Перламутровая дорога | страница 25



Лампочка под потолком ослепительно вспыхнула и погасла совсем. Наступившая темнота показалась Ждану сопряжённой с каким-то тонким царапающим звучанием – очевидно так должны были обнаруживать себя жизненные токи, вскипающие на поверхностях предметов и перегружающие электрические провода. Эти же токи проходили и через сердце, поражая его беспричинной тревогой. Вязкий мрак быстро заполнял пространство, стало почему-то трудно дышать, захотелось подняться, выйти к свету, преодолеть это внезапное тяготение бытия. Возможно, подобное чувствовали и остальные. В «кают-компании» послышался шум, глухие тяжёлые шаги и невнятный говор Петровича, который уже неделю находился не «в поле» и потеряно и бесцельно болтался по посёлку и дому, выискивая себе собеседников.

Ждан предпочёл оказаться в их числе, чем слушать звенящую мелодию тишины, чреватую стать аккомпанементом для неровного, хрупкого текста, зарождающегося острыми треками над парящими нотами, безраздельно завладевшими пространством комнаты. Ждан уже различал его края – «…за то, что вознеслось сердце твоё и ты говоришь: «я бог, восседаю на седалище божием, в сердце морей», и, будучи человеком, а не Богом, ставишь ум твой наравне с умом Божиим, – Вот ты премудрее Даниила, нет тайны, скрытой от тебя; Твоею мудростью и твоим разумом ты приобрёл себе богатство…» Текст пока ещё едва угадывался, но он множился, разрастался, сжимая пустоту и рассеивая мрак. В нём совсем не существовало пауз, способных вместить вопрос или сместить акценты. То ли это действительно над разбуженной тишиной прорастали слова, фразы, сцепляясь в хрупкий, неровный текст, то ли на мутном зеркале памяти отражалось нечто пугающе глубокое, сплавившееся с его чуткой амальгамой и вечно остающееся вне прочтения и никогда дотоле не произносимое вслух.

Ждан открыл дверь, и текст оборвался на чём-то совершенно неотождествимом, немыслимом.
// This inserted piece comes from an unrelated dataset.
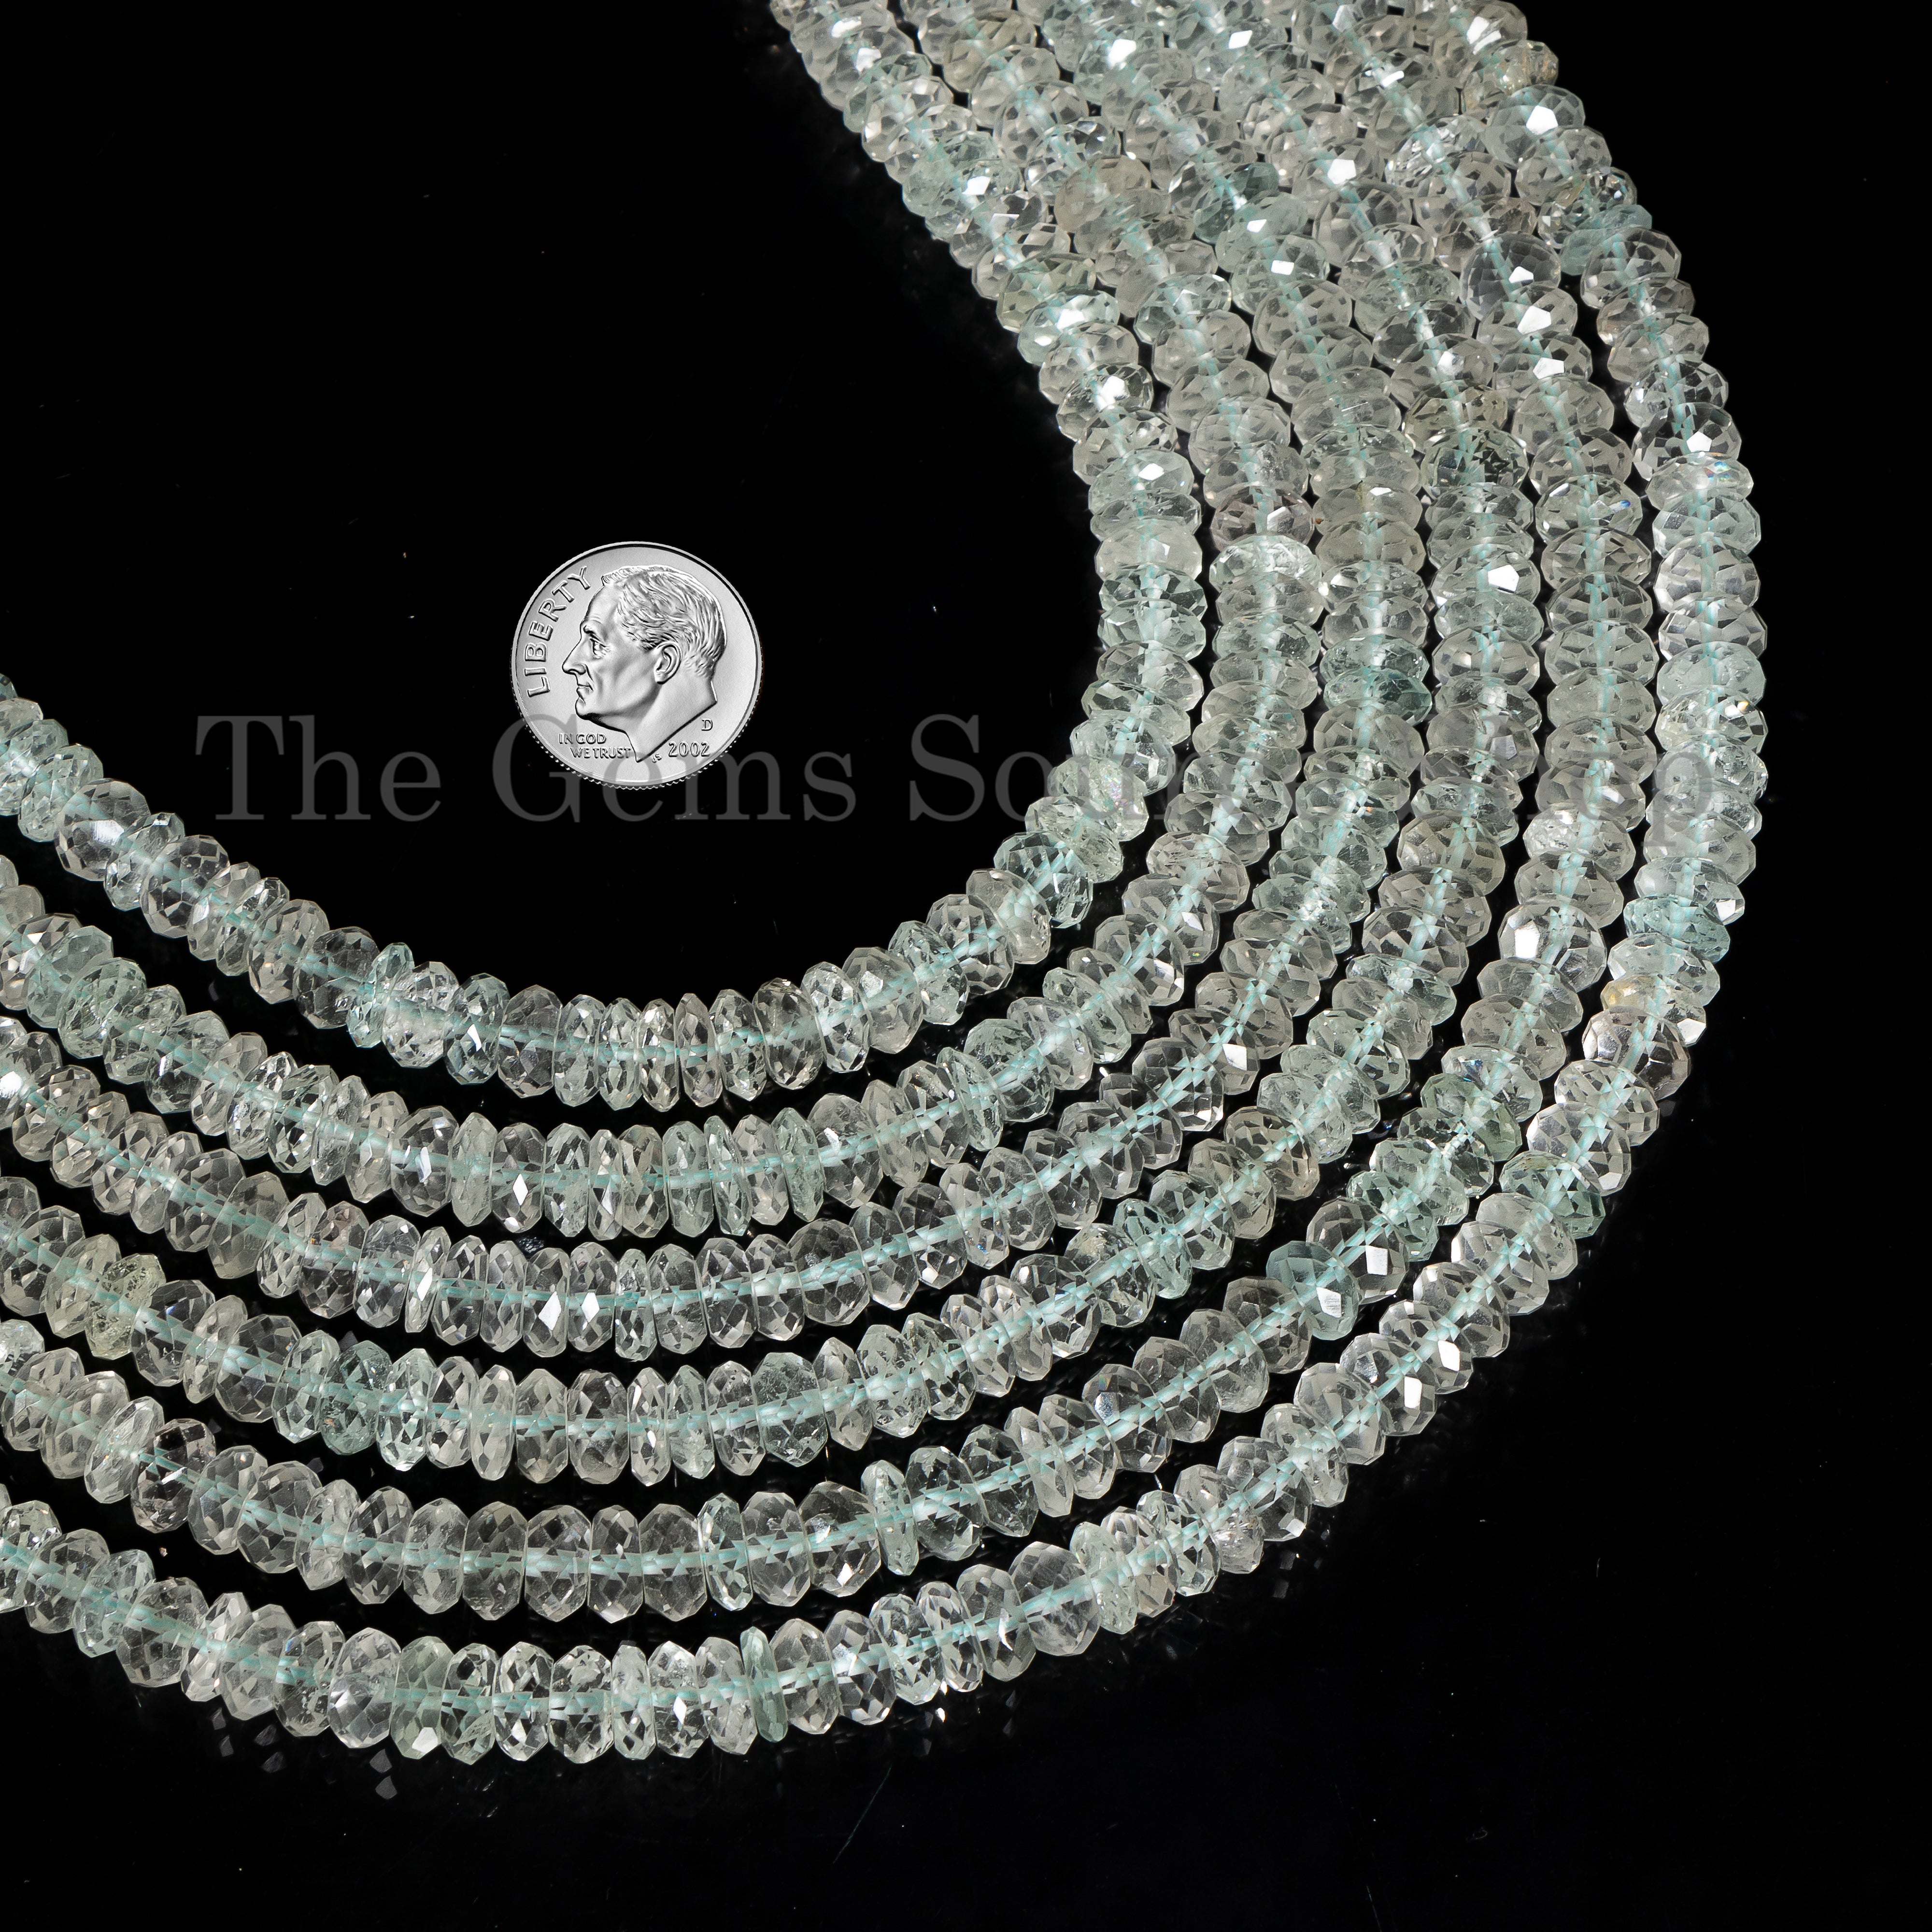 Natural Aquamarine Rondelle Faceted Beads, Aquamarine 7-8mm Gemstone Beads for Jewelry Making. TGS-5143

Даниил, Даниил – проговаривал внутренний голос, да нет же, никто из людей не мудрее Даниила, знавшем о них очень многое, как и то, что «все, живущие на земле, ничего не значат…»

Петрович, встречая случайного собеседника, никогда не останавливал нескончаемого неразборчивого бормотания, лишь переходил на время в более высокий регистр, выделяя этот отрезок речи, как приветствие.

Ждан давно привык к такой особенности своего соседа и научился почти его не слышать. Вот и теперь, устроившись в углу, он чувствовал себя так, словно бы находился в абсолютной тишине, хотя Петрович, на лице которого хорошо читалось удовлетворение от обретения слушателя, вряд ли догадывался об этом. Сам Петрович, несмотря на положение выступающего, занял не вполне подобающее статусу оратора место у плиты, возле самого выхода, очевидно, тоже затем, чтобы наблюдать за языками пламени, облизывающего красные угли. Сейчас, в темноте, огонь как-то по-особенному притягивал взор, словно бы посредством огня можно было проникнуть в чудесную волшебную страну, где таятся саламандры, рождаются диковинные птицы и живут тревожные духи. Огонь завораживал, останавливал бешеный бег времени, и, очевидно, пробуждал даже у Петровича пылкий дар воображения. Ждан внимательно следил за тем, как Петрович эмоционально тонировал свою речь, когда пламя охватывало всё пространство печи и высоко поднималось к коричневой чугунной пластине, и как сникал его голос, когда огонь скользил по белой золе, петляя оранжевыми хвостами возле выгоревших углей. По сути, Петрович разговаривал с огнём, только сам не знал об этом – Ждан всё равно его не слушал.